Segment Open

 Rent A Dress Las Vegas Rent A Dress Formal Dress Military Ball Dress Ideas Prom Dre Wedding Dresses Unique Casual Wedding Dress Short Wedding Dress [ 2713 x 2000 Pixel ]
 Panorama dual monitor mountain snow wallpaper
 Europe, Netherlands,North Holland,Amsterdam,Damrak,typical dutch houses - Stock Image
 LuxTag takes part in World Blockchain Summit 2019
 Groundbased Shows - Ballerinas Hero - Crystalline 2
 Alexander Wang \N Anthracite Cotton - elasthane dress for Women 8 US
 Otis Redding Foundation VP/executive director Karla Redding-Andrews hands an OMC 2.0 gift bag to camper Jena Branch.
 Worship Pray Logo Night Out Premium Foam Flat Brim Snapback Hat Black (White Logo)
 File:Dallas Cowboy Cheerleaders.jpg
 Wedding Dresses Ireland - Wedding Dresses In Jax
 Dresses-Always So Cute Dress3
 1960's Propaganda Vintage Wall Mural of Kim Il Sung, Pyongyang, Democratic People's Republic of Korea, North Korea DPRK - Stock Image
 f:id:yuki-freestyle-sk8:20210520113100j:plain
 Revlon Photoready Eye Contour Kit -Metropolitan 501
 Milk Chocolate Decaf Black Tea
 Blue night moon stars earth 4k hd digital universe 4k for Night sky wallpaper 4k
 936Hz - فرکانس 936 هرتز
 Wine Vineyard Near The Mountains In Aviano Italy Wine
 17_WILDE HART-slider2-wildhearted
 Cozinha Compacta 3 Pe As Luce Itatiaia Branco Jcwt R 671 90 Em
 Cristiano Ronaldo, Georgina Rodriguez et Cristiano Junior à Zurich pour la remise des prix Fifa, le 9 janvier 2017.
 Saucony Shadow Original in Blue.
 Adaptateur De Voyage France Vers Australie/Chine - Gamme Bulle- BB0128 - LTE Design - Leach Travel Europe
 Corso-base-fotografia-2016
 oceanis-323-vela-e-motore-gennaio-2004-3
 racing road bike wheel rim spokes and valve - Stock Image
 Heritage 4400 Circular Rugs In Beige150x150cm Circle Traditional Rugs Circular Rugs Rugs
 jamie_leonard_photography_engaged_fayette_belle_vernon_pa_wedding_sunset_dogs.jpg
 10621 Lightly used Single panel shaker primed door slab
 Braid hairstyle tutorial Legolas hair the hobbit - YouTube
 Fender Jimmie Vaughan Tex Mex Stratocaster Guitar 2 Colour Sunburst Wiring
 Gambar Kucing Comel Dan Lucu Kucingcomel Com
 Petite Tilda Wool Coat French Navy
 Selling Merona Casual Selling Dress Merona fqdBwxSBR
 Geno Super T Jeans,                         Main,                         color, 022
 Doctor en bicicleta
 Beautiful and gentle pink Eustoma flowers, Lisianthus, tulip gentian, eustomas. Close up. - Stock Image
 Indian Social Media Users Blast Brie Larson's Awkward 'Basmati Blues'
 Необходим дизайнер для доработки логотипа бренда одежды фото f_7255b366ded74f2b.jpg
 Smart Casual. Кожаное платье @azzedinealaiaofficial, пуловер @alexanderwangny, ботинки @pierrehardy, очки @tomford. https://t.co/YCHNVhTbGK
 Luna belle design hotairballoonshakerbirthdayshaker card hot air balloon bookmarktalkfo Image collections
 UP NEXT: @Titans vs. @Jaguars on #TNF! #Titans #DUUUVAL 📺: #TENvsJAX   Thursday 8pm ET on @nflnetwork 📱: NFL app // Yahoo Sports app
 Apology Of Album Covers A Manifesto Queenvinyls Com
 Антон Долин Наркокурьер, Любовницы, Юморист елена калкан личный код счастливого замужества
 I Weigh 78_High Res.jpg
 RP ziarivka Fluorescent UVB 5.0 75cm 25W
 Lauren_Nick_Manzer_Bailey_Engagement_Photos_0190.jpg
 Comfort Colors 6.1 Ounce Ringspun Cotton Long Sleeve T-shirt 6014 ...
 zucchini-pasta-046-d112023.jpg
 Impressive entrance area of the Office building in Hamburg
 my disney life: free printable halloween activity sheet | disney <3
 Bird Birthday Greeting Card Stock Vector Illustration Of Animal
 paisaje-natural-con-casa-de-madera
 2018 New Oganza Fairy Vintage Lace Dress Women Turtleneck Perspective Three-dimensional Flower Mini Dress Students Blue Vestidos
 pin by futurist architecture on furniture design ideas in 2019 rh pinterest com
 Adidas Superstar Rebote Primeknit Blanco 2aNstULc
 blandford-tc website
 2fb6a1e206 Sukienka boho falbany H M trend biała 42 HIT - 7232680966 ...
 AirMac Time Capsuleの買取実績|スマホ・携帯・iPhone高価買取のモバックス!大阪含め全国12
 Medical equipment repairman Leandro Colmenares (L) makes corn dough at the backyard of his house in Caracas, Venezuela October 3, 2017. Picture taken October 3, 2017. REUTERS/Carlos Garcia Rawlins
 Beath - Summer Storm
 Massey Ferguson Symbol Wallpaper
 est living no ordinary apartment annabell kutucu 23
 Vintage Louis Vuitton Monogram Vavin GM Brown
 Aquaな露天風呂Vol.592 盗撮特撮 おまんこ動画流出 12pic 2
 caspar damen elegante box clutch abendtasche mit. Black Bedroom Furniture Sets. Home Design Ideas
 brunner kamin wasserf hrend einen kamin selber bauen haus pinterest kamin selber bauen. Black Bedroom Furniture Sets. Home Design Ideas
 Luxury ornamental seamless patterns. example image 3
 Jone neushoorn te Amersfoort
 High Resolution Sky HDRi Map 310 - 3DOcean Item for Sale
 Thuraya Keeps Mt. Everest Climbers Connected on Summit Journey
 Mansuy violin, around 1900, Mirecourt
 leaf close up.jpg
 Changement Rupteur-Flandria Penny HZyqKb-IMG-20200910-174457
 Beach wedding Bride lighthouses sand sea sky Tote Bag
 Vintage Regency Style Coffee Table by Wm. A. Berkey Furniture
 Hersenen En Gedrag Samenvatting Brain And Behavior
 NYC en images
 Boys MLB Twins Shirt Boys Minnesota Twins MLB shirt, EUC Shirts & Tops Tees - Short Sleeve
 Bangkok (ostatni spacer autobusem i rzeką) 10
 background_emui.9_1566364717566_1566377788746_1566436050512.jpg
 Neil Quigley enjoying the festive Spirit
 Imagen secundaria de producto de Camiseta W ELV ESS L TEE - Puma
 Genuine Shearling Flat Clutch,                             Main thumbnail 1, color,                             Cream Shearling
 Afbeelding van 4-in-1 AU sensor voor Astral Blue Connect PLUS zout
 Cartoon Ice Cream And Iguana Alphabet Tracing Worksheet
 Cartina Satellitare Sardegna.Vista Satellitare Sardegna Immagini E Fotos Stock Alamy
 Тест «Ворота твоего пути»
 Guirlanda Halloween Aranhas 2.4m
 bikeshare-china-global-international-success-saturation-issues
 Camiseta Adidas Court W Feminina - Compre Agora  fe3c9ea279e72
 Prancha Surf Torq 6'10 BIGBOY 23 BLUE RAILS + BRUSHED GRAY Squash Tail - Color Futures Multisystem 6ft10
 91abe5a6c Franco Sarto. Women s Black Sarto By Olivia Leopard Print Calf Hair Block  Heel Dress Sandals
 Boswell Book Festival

Segment Closed

**TASK STATEMENT**
Give back, word for word, only the lines above from the line holding "pin by futurist" to the line holding "est living no", both included.

**FINAL ANSWER**
 pin by futurist architecture on furniture design ideas in 2019 rh pinterest com
 Adidas Superstar Rebote Primeknit Blanco 2aNstULc
 blandford-tc website
 2fb6a1e206 Sukienka boho falbany H M trend biała 42 HIT - 7232680966 ...
 AirMac Time Capsuleの買取実績|スマホ・携帯・iPhone高価買取のモバックス!大阪含め全国12
 Medical equipment repairman Leandro Colmenares (L) makes corn dough at the backyard of his house in Caracas, Venezuela October 3, 2017. Picture taken October 3, 2017. REUTERS/Carlos Garcia Rawlins
 Beath - Summer Storm
 Massey Ferguson Symbol Wallpaper
 est living no ordinary apartment annabell kutucu 23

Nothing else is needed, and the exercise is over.